- [Task goal]: A verbatim copy of the listing is needed; pictures are to be left out.

Segment Start: Stored data

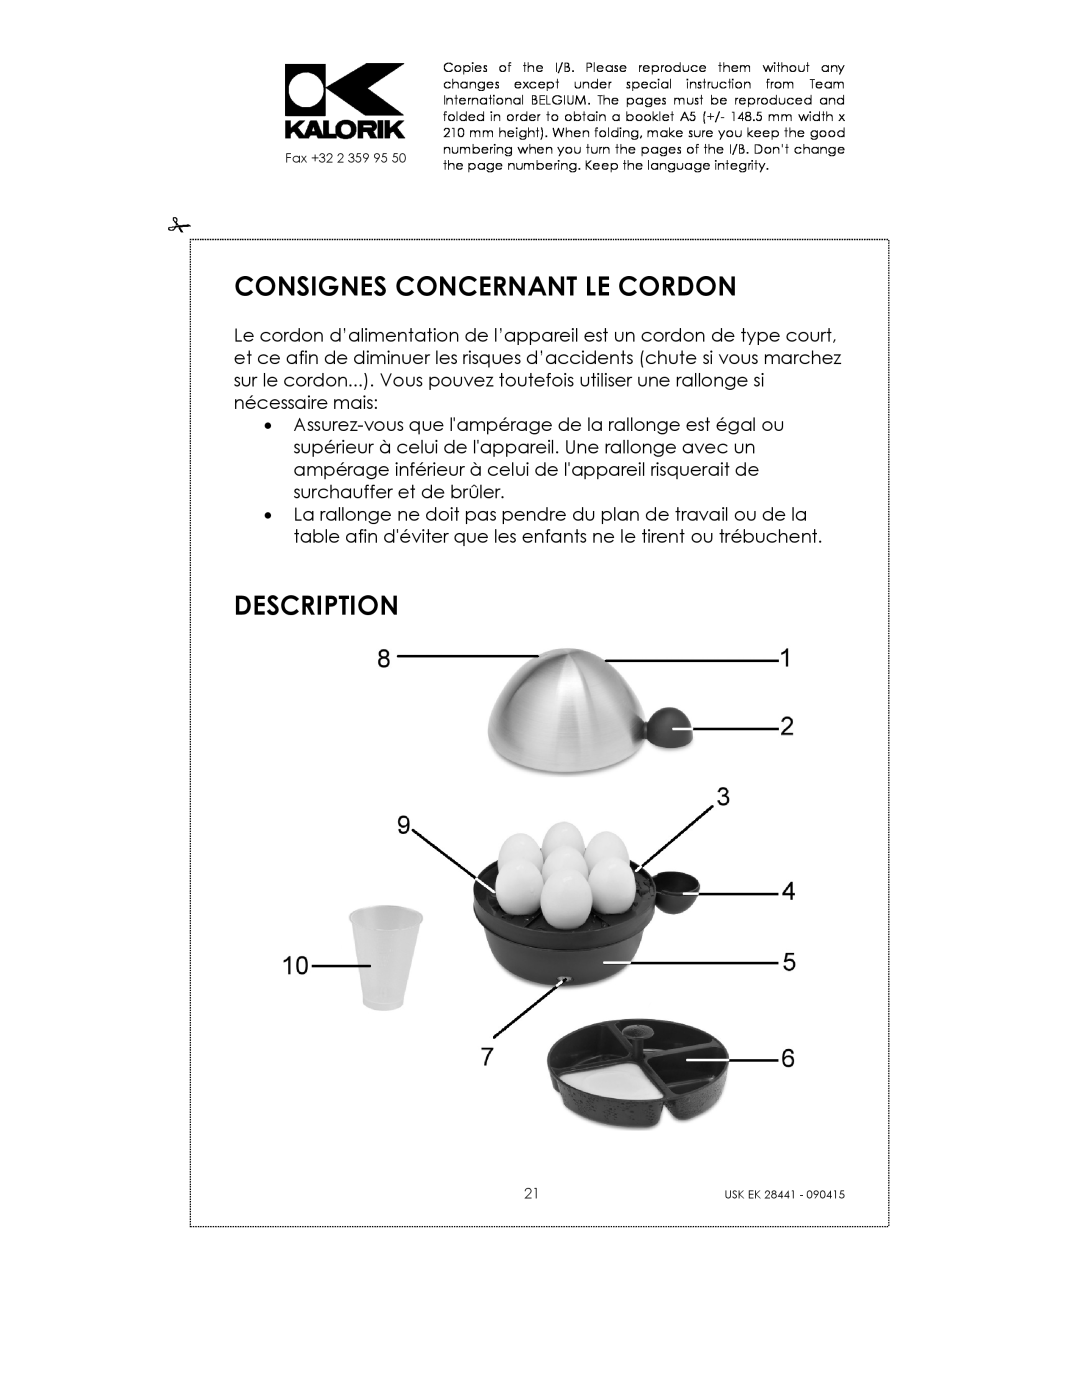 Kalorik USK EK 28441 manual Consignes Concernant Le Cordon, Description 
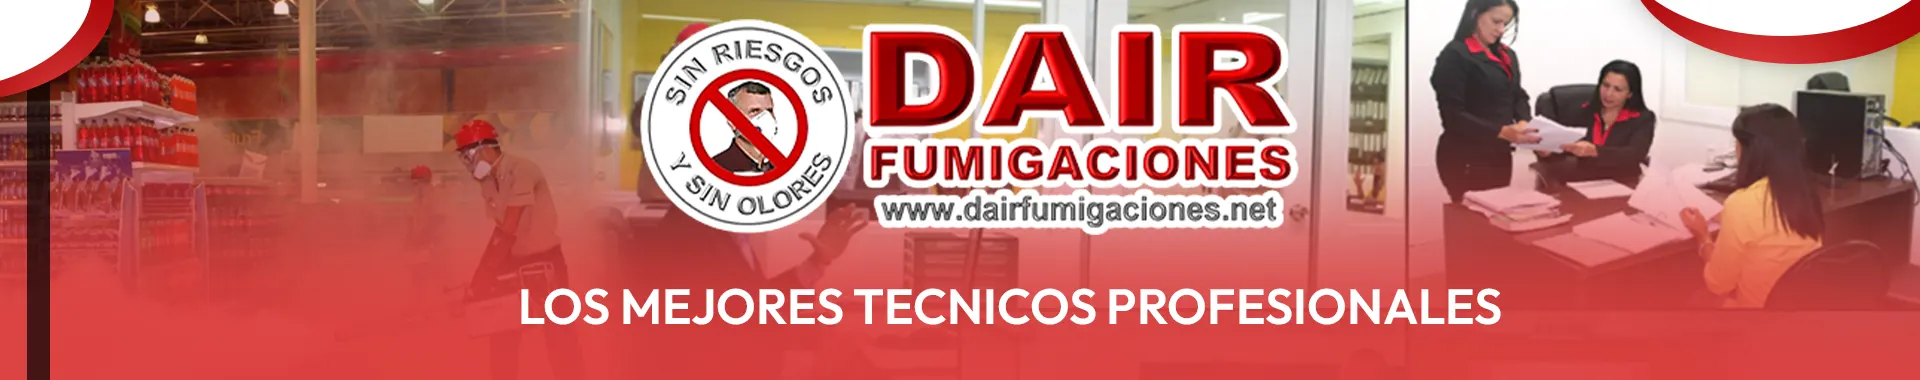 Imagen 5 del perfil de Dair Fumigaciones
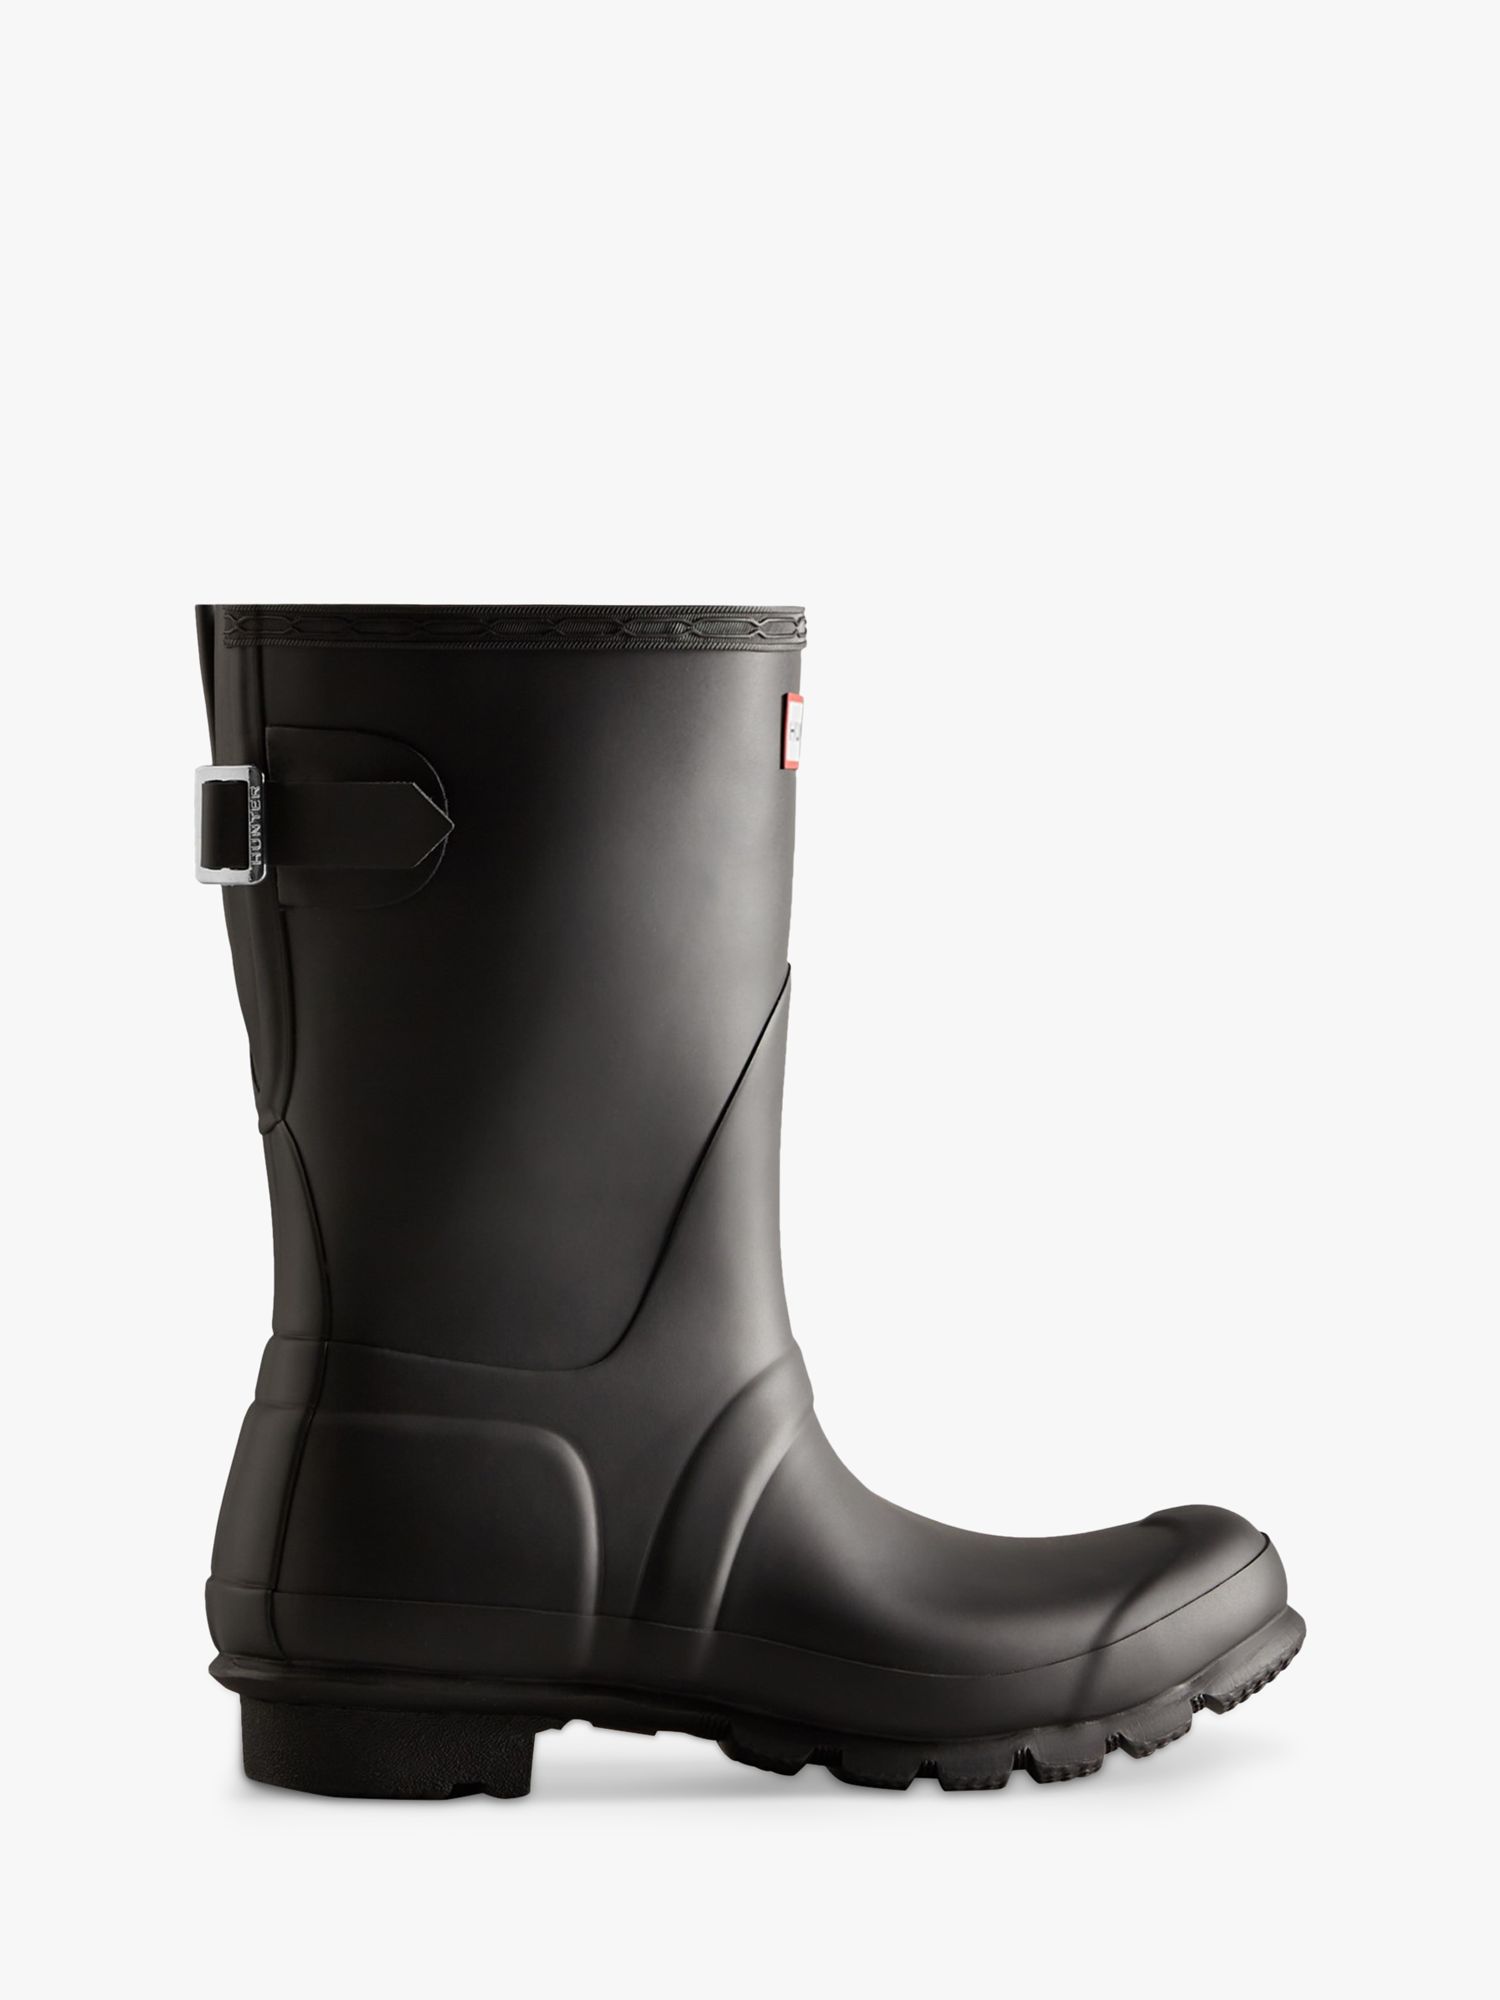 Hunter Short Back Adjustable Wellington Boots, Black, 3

Segment End: Stored data

- [Output of the task]:
 Kalorik USK EK 28441 manual Consignes Concernant Le Cordon, Description 
 Imagen 5 del perfil de Dair Fumigaciones
 Hunter Short Back Adjustable Wellington Boots, Black, 3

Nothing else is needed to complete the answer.